▸ TASK ITEM:
The required output is the line containing "Christmas on My Mind Recap with Tyler Hynes" followed by every later line through the end of the data, all reproduced exactly.

▸ THE DATA:
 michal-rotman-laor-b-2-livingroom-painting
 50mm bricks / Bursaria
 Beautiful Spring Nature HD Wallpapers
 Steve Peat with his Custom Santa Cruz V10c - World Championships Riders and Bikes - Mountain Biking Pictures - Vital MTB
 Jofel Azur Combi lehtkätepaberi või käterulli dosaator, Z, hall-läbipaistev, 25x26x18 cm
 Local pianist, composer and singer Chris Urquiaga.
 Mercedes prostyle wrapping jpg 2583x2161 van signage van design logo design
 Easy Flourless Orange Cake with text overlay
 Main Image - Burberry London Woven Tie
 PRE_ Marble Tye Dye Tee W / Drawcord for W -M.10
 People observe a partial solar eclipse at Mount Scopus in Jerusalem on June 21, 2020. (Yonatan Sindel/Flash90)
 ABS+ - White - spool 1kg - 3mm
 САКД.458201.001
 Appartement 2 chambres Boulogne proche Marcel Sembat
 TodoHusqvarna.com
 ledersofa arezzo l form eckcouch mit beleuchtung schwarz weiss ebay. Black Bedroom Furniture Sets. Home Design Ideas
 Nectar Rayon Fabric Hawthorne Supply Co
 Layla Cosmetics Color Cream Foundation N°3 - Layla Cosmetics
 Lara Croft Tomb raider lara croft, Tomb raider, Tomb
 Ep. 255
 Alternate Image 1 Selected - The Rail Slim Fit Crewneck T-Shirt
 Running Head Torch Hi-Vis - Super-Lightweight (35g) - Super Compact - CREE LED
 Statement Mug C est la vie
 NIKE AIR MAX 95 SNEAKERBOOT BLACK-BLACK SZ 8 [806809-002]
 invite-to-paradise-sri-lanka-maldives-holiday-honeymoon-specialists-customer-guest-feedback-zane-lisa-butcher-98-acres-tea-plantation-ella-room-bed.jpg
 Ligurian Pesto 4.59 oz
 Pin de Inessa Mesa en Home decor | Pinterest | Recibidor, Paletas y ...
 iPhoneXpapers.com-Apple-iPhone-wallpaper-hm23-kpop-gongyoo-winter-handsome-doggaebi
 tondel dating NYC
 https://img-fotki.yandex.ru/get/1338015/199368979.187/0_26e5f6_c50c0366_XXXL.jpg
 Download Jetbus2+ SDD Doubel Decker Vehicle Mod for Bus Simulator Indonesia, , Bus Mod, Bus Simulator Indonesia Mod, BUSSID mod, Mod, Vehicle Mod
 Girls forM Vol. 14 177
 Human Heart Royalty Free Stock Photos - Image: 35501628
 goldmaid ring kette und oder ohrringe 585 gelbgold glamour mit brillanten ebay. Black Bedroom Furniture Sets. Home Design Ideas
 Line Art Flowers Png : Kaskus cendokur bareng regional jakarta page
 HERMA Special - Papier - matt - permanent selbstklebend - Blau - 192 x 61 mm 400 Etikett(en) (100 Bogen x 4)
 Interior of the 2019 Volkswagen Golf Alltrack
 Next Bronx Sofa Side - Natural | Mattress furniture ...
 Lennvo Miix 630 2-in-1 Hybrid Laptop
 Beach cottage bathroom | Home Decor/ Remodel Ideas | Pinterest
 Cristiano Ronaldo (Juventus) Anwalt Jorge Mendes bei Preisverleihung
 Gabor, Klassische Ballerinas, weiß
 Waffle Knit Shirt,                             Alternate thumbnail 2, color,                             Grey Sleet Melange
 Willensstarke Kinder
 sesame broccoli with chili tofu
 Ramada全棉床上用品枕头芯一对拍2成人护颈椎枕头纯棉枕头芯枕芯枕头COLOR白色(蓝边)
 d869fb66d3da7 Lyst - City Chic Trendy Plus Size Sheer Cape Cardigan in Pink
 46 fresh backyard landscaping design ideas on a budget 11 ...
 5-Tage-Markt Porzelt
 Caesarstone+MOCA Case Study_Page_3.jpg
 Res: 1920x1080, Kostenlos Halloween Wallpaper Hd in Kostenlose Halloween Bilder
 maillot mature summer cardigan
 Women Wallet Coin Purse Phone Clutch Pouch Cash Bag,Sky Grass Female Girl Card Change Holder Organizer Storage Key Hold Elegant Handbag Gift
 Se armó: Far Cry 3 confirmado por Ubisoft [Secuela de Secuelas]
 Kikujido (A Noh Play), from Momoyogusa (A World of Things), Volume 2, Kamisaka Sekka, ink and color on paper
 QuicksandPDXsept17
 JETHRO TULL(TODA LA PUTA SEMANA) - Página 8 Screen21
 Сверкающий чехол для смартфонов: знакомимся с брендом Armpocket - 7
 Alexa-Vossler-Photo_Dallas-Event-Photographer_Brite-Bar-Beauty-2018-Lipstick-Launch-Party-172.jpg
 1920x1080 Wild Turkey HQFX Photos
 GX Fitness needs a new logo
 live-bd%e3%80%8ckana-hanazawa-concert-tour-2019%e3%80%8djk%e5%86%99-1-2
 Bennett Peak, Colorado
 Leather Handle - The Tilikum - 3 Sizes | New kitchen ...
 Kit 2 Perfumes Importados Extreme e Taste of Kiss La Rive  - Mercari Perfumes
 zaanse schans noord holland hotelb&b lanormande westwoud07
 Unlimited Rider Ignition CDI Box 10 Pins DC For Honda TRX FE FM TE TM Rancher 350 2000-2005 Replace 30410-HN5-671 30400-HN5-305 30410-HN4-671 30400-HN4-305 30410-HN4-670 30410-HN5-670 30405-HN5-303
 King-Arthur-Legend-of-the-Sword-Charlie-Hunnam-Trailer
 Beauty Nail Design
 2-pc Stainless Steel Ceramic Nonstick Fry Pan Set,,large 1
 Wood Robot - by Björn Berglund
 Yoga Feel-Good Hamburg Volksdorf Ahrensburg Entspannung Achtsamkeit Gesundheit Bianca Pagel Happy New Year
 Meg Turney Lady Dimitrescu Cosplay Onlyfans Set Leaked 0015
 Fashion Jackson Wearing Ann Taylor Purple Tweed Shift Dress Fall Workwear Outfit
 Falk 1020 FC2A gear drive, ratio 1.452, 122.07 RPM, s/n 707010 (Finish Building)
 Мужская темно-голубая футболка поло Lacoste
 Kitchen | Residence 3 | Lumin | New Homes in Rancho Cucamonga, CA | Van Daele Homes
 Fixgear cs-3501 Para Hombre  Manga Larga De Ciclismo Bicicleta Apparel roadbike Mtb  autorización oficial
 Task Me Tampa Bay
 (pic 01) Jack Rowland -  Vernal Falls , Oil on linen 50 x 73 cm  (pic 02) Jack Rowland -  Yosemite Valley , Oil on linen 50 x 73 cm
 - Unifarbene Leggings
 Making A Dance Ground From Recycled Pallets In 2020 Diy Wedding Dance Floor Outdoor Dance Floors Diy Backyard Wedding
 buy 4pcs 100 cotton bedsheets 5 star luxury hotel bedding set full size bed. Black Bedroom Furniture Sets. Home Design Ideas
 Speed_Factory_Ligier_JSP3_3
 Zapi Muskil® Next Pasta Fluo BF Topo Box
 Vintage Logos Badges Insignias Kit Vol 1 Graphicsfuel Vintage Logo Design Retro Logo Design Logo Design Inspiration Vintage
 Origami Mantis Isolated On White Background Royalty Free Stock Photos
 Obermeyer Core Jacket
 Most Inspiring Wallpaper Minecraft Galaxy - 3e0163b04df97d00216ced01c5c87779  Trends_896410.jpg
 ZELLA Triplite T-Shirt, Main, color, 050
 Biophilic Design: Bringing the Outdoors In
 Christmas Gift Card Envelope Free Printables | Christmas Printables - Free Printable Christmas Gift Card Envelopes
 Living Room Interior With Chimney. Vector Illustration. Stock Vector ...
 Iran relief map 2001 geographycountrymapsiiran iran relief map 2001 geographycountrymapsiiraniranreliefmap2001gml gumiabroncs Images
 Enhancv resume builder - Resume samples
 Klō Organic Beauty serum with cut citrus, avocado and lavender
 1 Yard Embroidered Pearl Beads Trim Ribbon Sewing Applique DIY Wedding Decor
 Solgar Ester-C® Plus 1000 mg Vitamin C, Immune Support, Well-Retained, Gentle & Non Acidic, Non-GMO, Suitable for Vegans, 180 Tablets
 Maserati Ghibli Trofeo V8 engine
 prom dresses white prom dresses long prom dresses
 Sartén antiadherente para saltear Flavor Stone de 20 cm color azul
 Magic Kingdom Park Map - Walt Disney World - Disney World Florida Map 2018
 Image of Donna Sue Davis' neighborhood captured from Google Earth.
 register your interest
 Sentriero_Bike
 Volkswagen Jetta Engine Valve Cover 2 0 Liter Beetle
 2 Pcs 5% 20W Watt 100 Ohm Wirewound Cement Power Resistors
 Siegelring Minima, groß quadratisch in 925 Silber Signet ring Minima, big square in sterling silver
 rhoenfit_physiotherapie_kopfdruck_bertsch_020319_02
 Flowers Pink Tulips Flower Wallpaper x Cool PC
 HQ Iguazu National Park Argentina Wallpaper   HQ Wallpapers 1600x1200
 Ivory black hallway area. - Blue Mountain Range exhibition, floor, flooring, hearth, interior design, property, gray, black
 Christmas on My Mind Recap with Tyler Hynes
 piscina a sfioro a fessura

▸ RESPONSE TO THIS EXERCISE:
 Christmas on My Mind Recap with Tyler Hynes
 piscina a sfioro a fessura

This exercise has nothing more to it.